The quarterly survey, conducted between 29 August and 16 September, also showed that optimism decreased, and headcounts fell after five consecutive quarters of growth. Profitability fell sharply in the quarter to September, at its quickest rate since March 2009. Average spreads declined at a survey record pace (since 1989), while the value of non-performing loans rose at the fastest pace since March 2021.
Key findings:
- Growth in business volumes slowed in the quarter to September (weighted balance of +6%) after a solid increase in the quarter to June (+22%).
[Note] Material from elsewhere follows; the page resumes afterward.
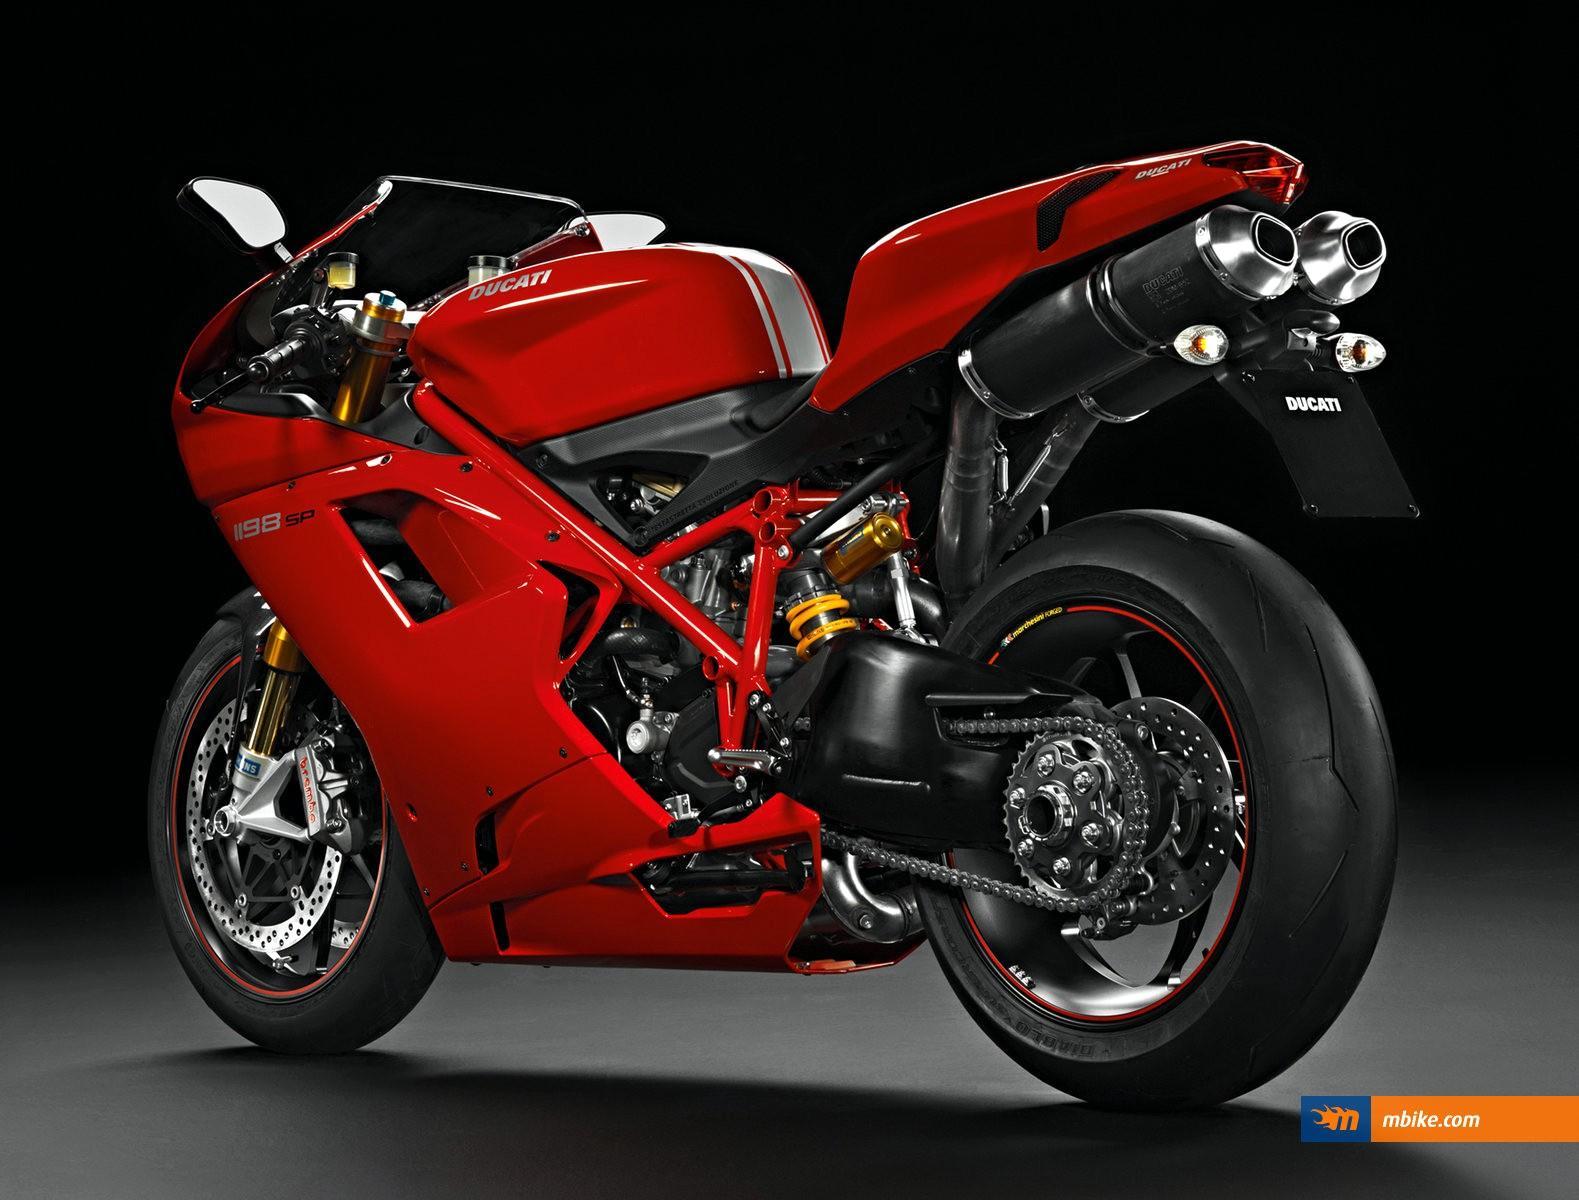 Ducati Superbike Wallpaper HD Download
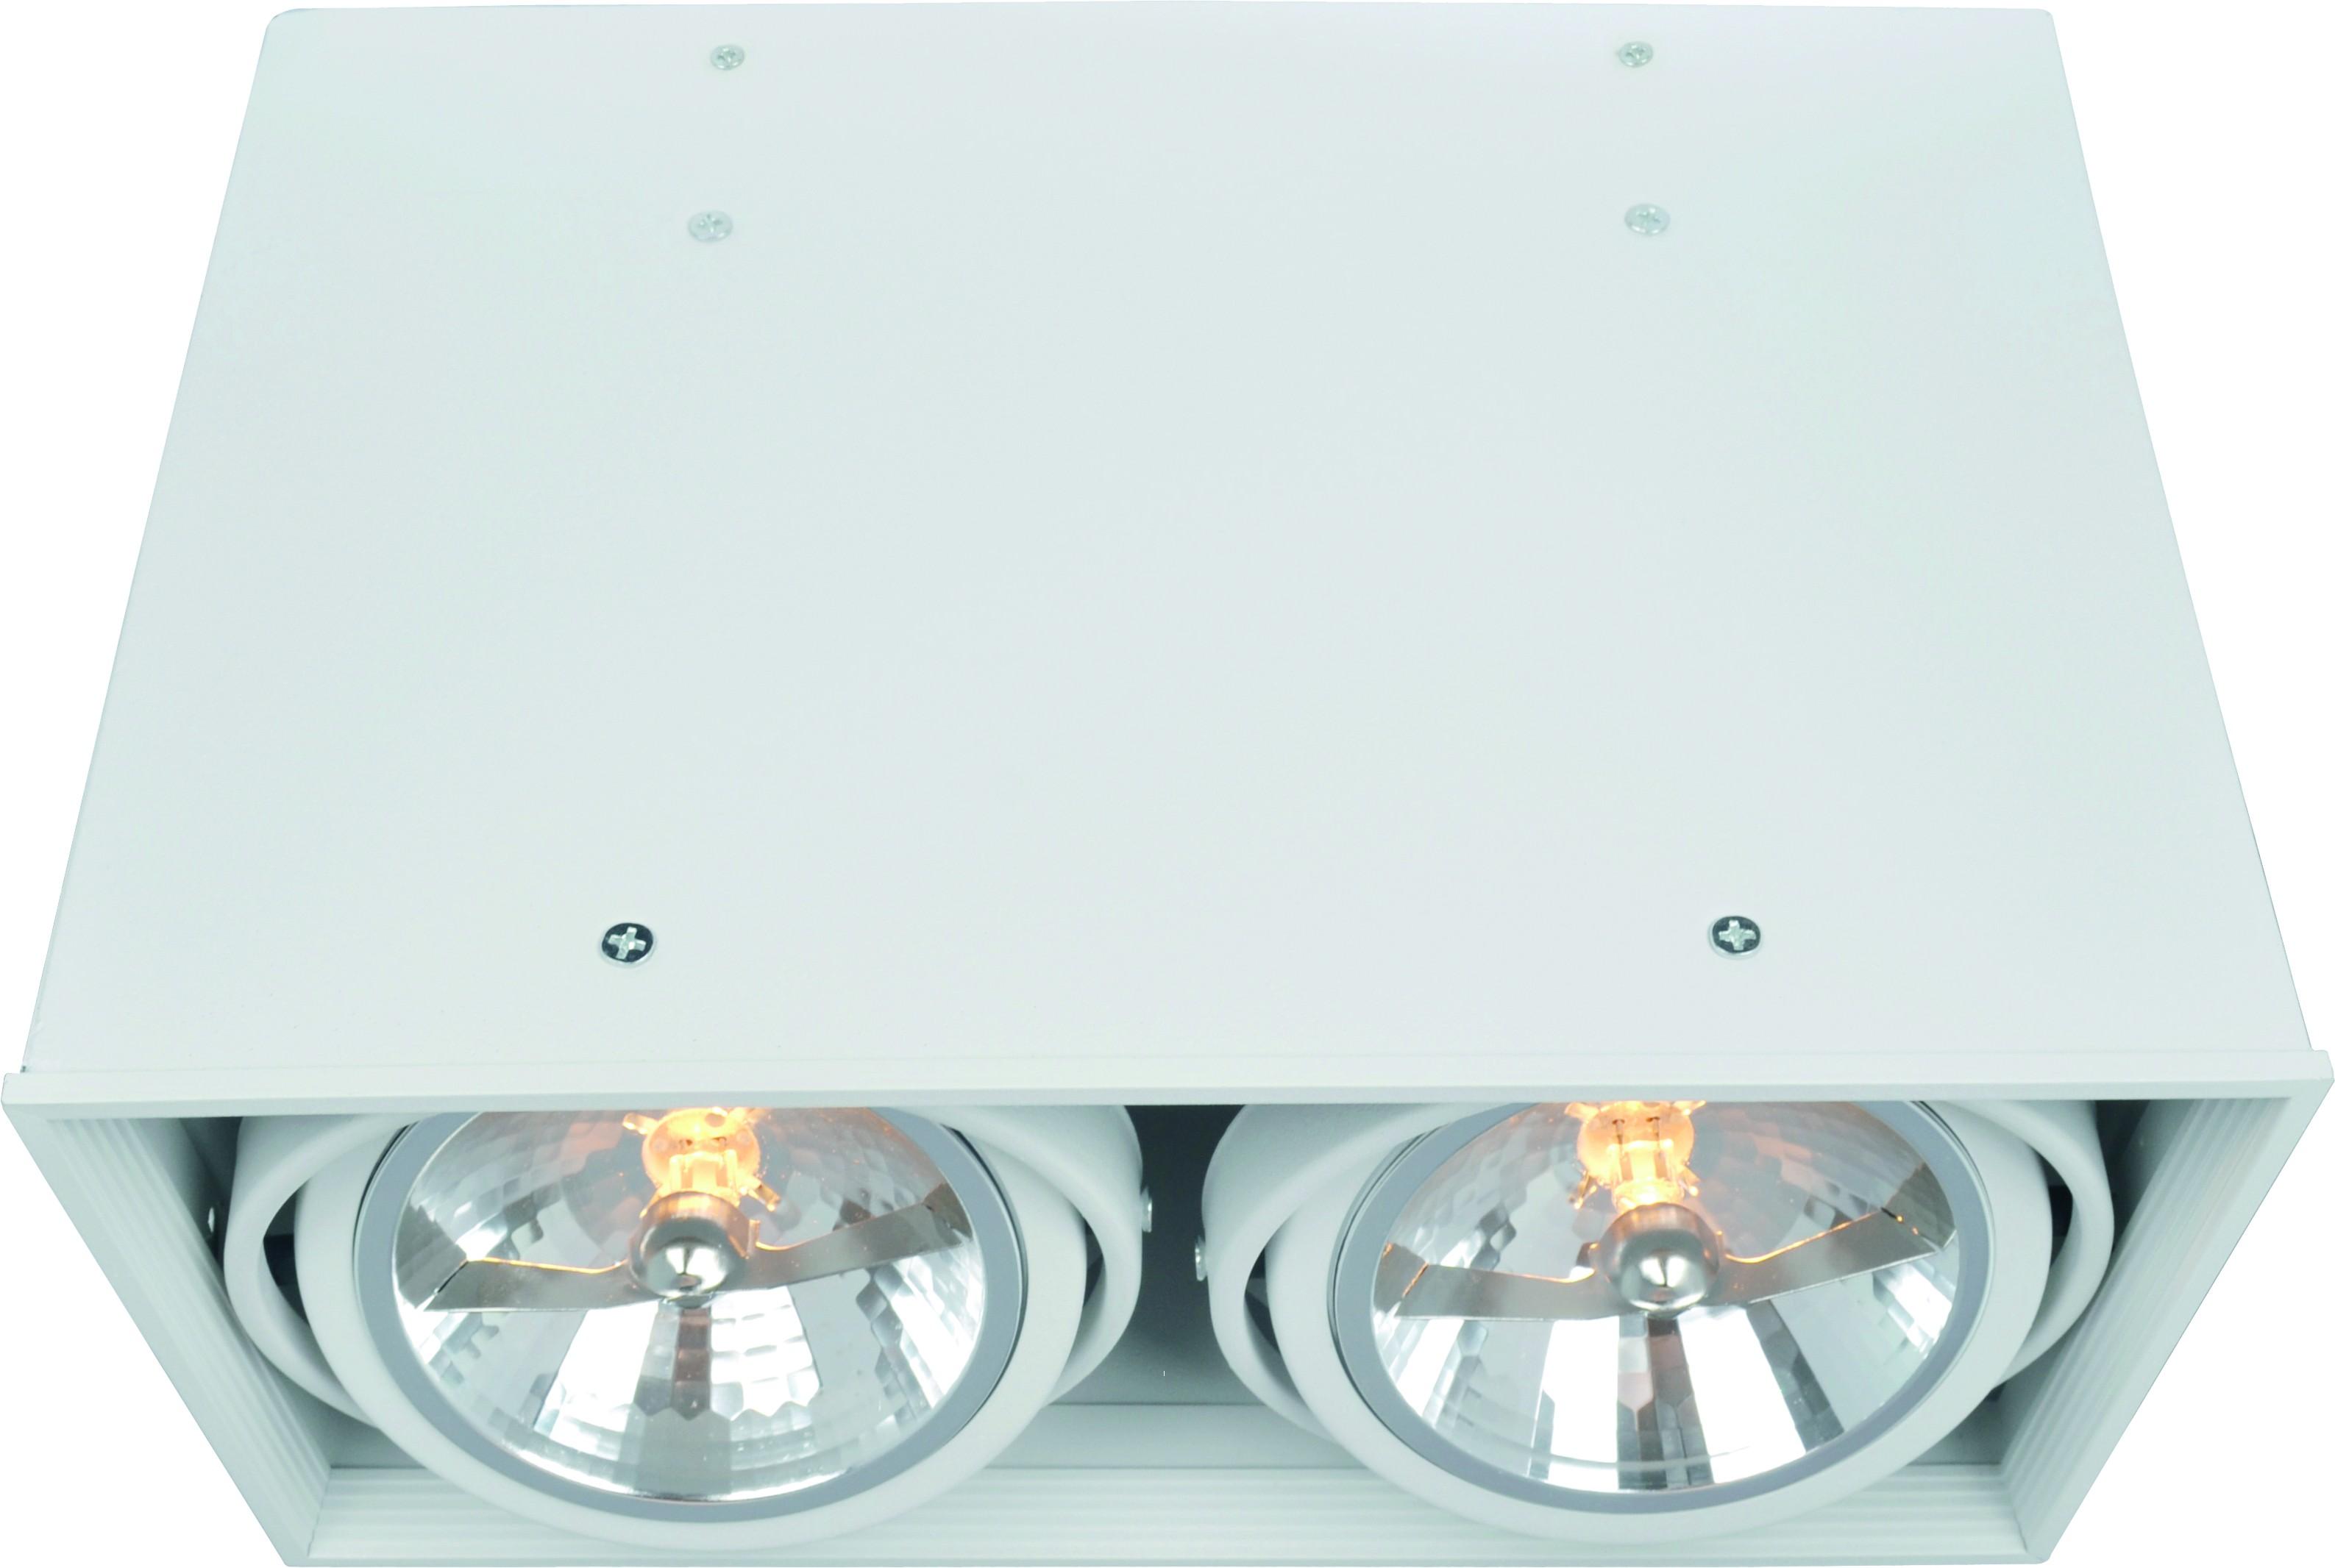 Светильник встраиваемый Arte lamp A5936pl-2wh встраиваемый светильник arte lamp studio a3007pl 2wh

Firms expect volumes to be broadly unchanged (-1%) in the next three months.
- Optimism decreased in September, compared with three months ago (-13% from +17% in June).
- Average spreads fell at a survey-record rate in the quarter to September (-55% from -16% in June) and are expected to decline at a similarly rapid pace over the next three months (-54%).
- The value of non-performing loans increased in the quarter to September (+16% from +11% in June) at the fastest rate since March 2021. Their value is expected to rise at a similar pace over the next quarter (+15%).
- Profitability fell in the quarter to September at the fastest rate since March 2009 (-43% from -5% in June). FS firms expect profitability to be flat over the next three months (+1%).
- Headcount shrank in the quarter to September (-15% from +18% in June) for the first time since March 2023. Firms expect headcount to fall at a similar pace next quarter (-16%).
- Firms expect to decrease investment in land & buildings in the next 12 months (compared to the last 12) to the greatest extent in survey history. Capital expenditure on vehicles, plant & machinery is also expected to fall, while investment in IT is set to increase modestly.
- A record share of firms (66% from 29% in June) reported that “other” factors are likely to limit capital expenditure over the next 12 months, which was widely attributed to uncertainty about the “tax environment” due to the upcoming Autumn Budget.
- Inadequate net return was the second-most cited factor likely to limit future investment, rising to its highest since September 2022 (46% from 22% in June).
- The share of firms citing cost of finance as a concern fell considerably (1% from 36% in June).
Louise Hellem, CBI Chief Economist said:
“After two strong quarters of activity this year, financial services firms are now reporting slower business volumes growth and falling optimism. A record-fast fall in spreads and moderate rise in non-performing loans have contributed to profits falling at their quickest rate since 2009. Investment intentions have also deteriorated further, with companies raising concerns around inadequate net returns and the tax implications of the upcoming Autumn Budget.”
“This means that the government must provide firms with the clarity and confidence they need to invest in the UK. Publishing a business tax roadmap, a clearer, fairer and more competitive business rates system, and keeping up momentum on recently announced planning reforms, along with a modern, international industrial strategy, would go a long way in delivering the confidence businesses and investors are looking for.”
Notes to Editors: The latest Financial Services Survey was conducted between 29 August and 16 September. 141 firms replied.
A ‘balance’ is the difference in percentage points between the weighted percentage of firms answering that output is “up” and the percentage answering “down”. For example, if 30% of firms say that business volumes are is up, 60% that it they are unchanged, and 10% that they are down, the balance statistic is +20%.